Under pressure from groups like the Rainforest Action Network, the Hartford Insurance Company recently announced it is curtailing its investments in coal companies, which followed a similar divestment pledge from Liberty Mutual Insurance and AXIS Capital. Goldman Sachs, the Wall Street investment firm, also announced recently it would no longer make new coal investments nor invest in companies drilling for oil in the Arctic.
Hartford Insurance, for example, has completely bought into climate alarmism, even repeating the supposed connection between warming and greater frequency of storms and floods. There is no such connection, as CFACT explains.
Goldman Sachs’ divestment announcement, fortunately, did not go unanswered. The state of Alaska, with an economy heavily dependent on oil production, can also take its business elsewhere by excluding Goldman from other state business. This is something that Gov. Mike Dunleavy hinted would come.
The governor also pointed out that other investment firms could replace Goldman Sachs and that any loss in Alaskan oil production would hurt American workers and consumers.
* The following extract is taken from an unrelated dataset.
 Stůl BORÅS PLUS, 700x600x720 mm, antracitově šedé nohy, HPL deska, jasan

Such divestment schemes also serve to help other oil producing nations that lack the environmental safeguards mandated in the U.S. In fact, there are plenty of other takers for Arctic energy resources.
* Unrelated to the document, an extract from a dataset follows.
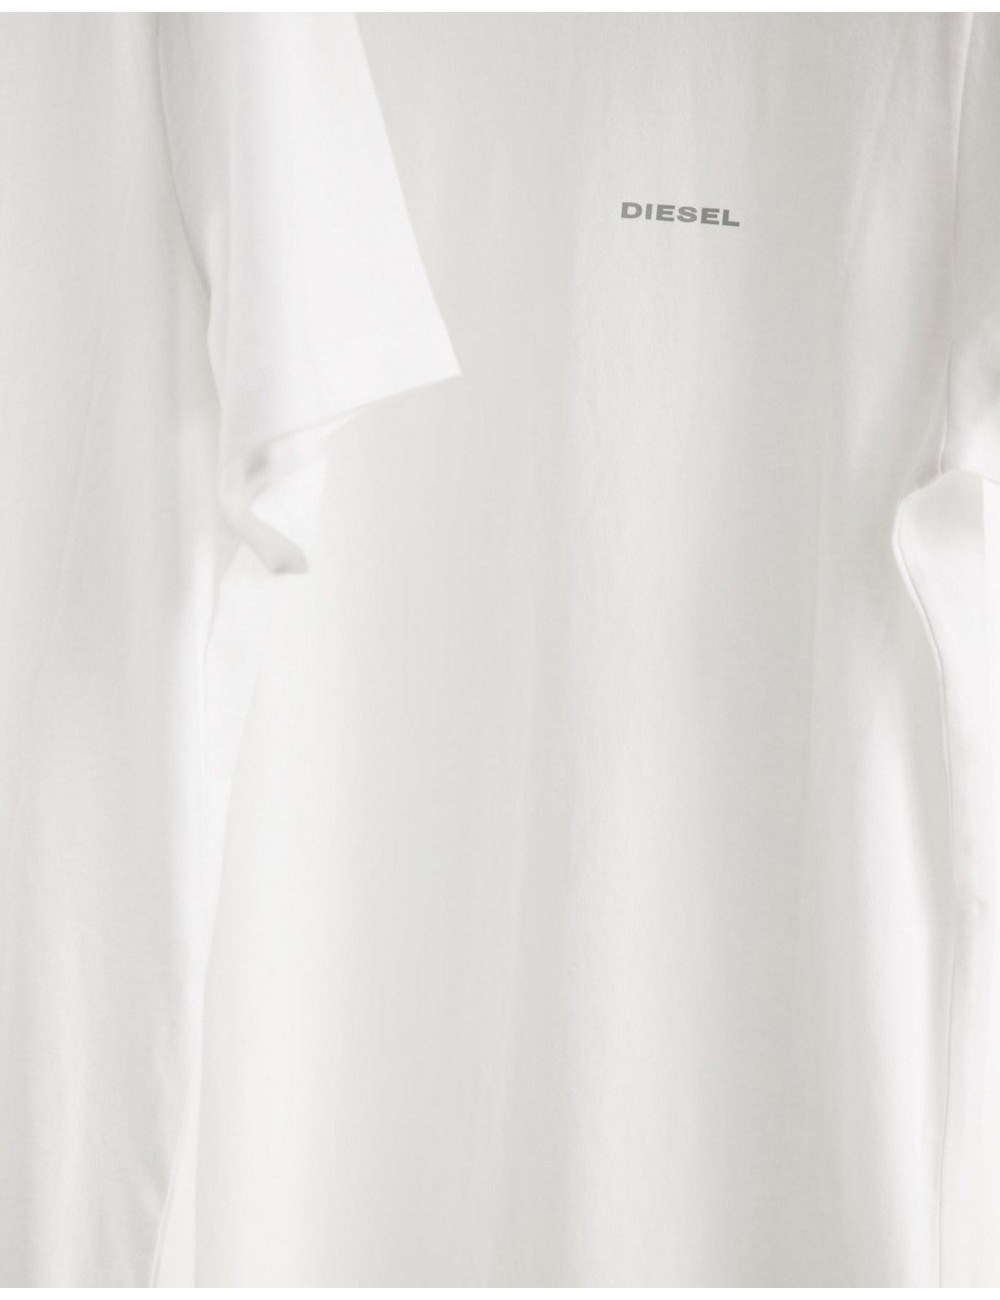 Diesel 3 pack t-shirt in white

For climate alarmists, science, history and the facts on global temperature have not fit their computer models and thirty-year predictions of the earth’s demise. Accordingly, the public remains unconvinced of their claims of urgency which is one reason the Green New Deal will not be passed by Congress any time soon. In fact, the only vote that occurred was when the U.S. Senate voted against it without a single vote in support (Democrats, including the chief sponsor of the GND, voted “present”).
While it’s true that some localized Green New Deals have been adopted in New York City, Los Angeles and other places, the negative cost impact to the public, including from energy rationing, is postponed for several years. That way, few politicians of today will face any backlash. Carbon neutral climate goals, for example, will take effect in a dozen years or decades from now, long after most present-day politicians are retired or dead.
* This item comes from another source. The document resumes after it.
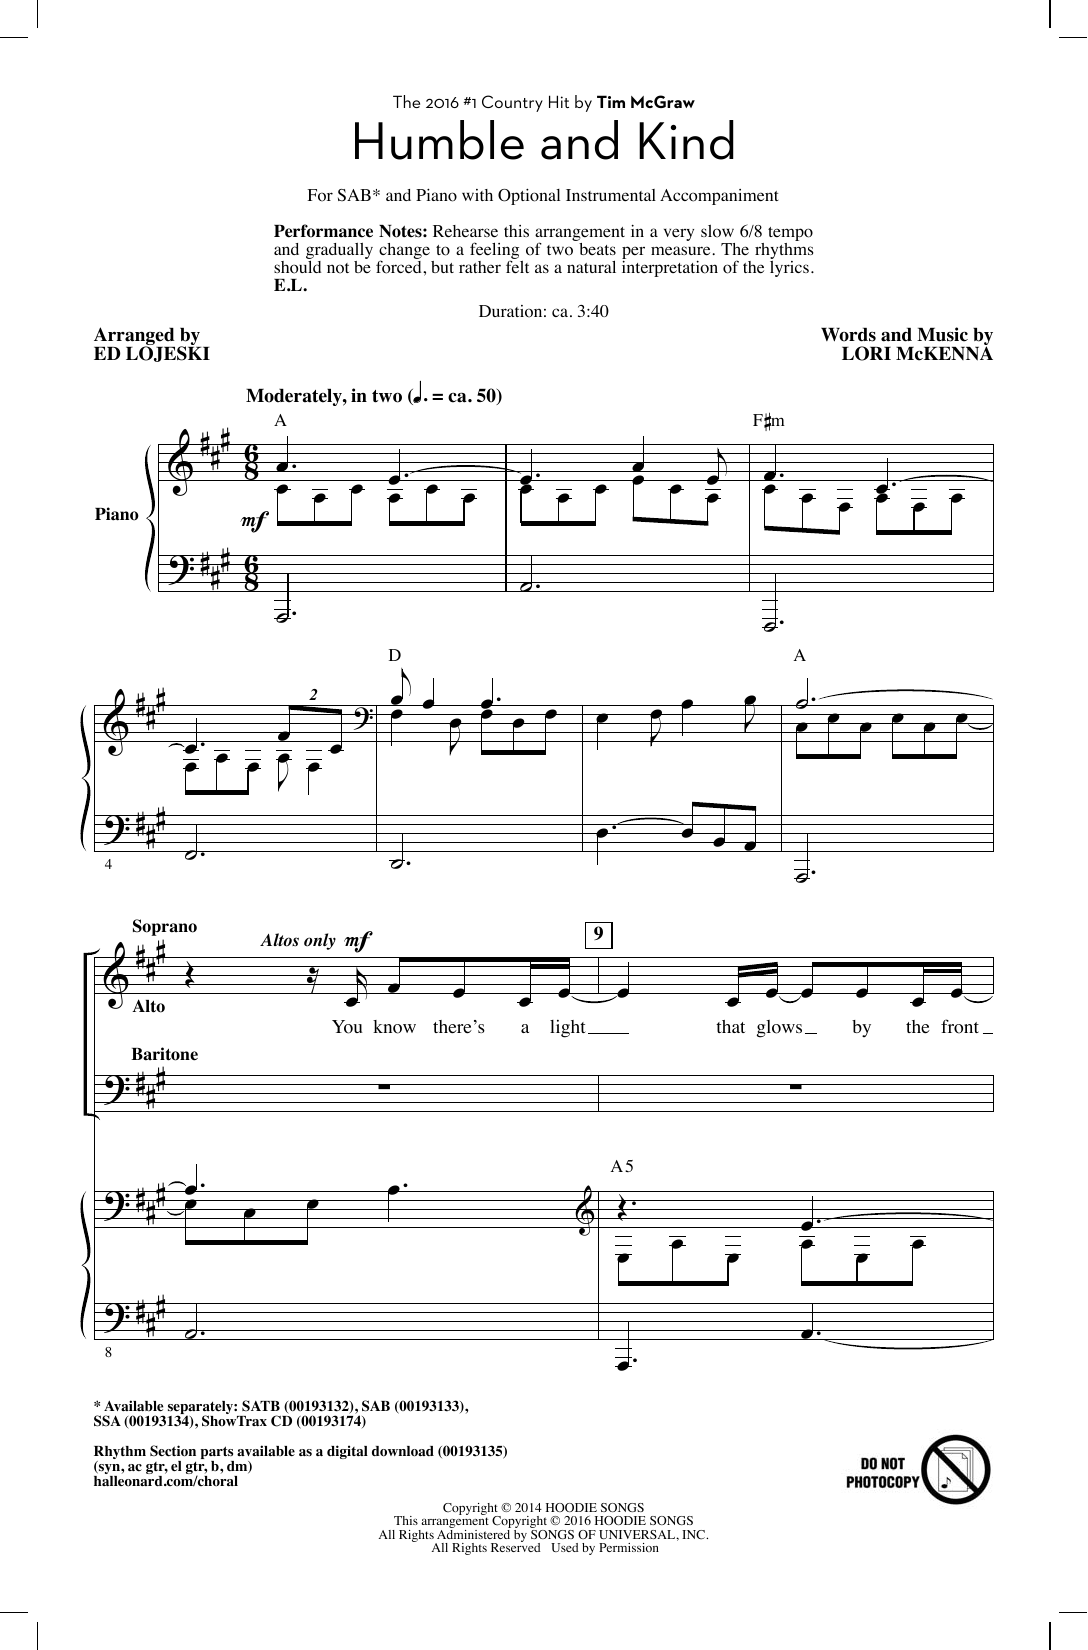 Tim McGraw Humble And Kind (arr. Ed Lojeski) Sheet Music Notes & Chords for SAB - Download or Print PDF

The point here is that without real public buy-in, climate extremist groups have resorted to threats, boycotts and intimidation of high profile companies. This as another means to force transformation away from fossil fuels toward a carbon-free nirvana that is wholly unrealistic and unwarranted. Still, big business is always about the bottom line, and bad publicity from a social media campaign can reap a devastating financial effect – something few corporate CEOs would risk, whether or not they agree with climate alarmism.
The corporate campaigns by alarmist groups for divestment of fossil fuels, if successful, would be harmful to workers and the U.S. economy as a whole – without the concomitant environmental benefits. If the alarmist camp were serious, they would campaign for divestment in countries that care nothing for the environment or carbon emissions, starting with China and Russia.
Many mega U.S.-based corporations such as Amazon and Apple, whose websites tout their environmentalism, are huge investors in China because they profit handsomely. They are not seriously pressuring China to care about the climate, nor are they divesting from that dictatorial country. China releases more carbon than the U.S. and Europe combined, but don’t count on green groups or multi-national corporations to attempt any redress. This not-so-mild inconsistency is less about caring for the environment and global temperature and more about a Green group agenda of anti-capitalism and anti-Americanism.
Demands for corporate divestment are an attack on freedom of choice and the economic prosperity we enjoy as Americans thanks to affordable energy. If companies are convinced it is in their interest (financial or PR-wise) to have climate goals and more renewable energy sources, that’s their choice. Intimidation and boycotts from climate alarmist groups are otherwise hypocritical, counterproductive and ultimately an assault on the liberties we enjoy as Americans.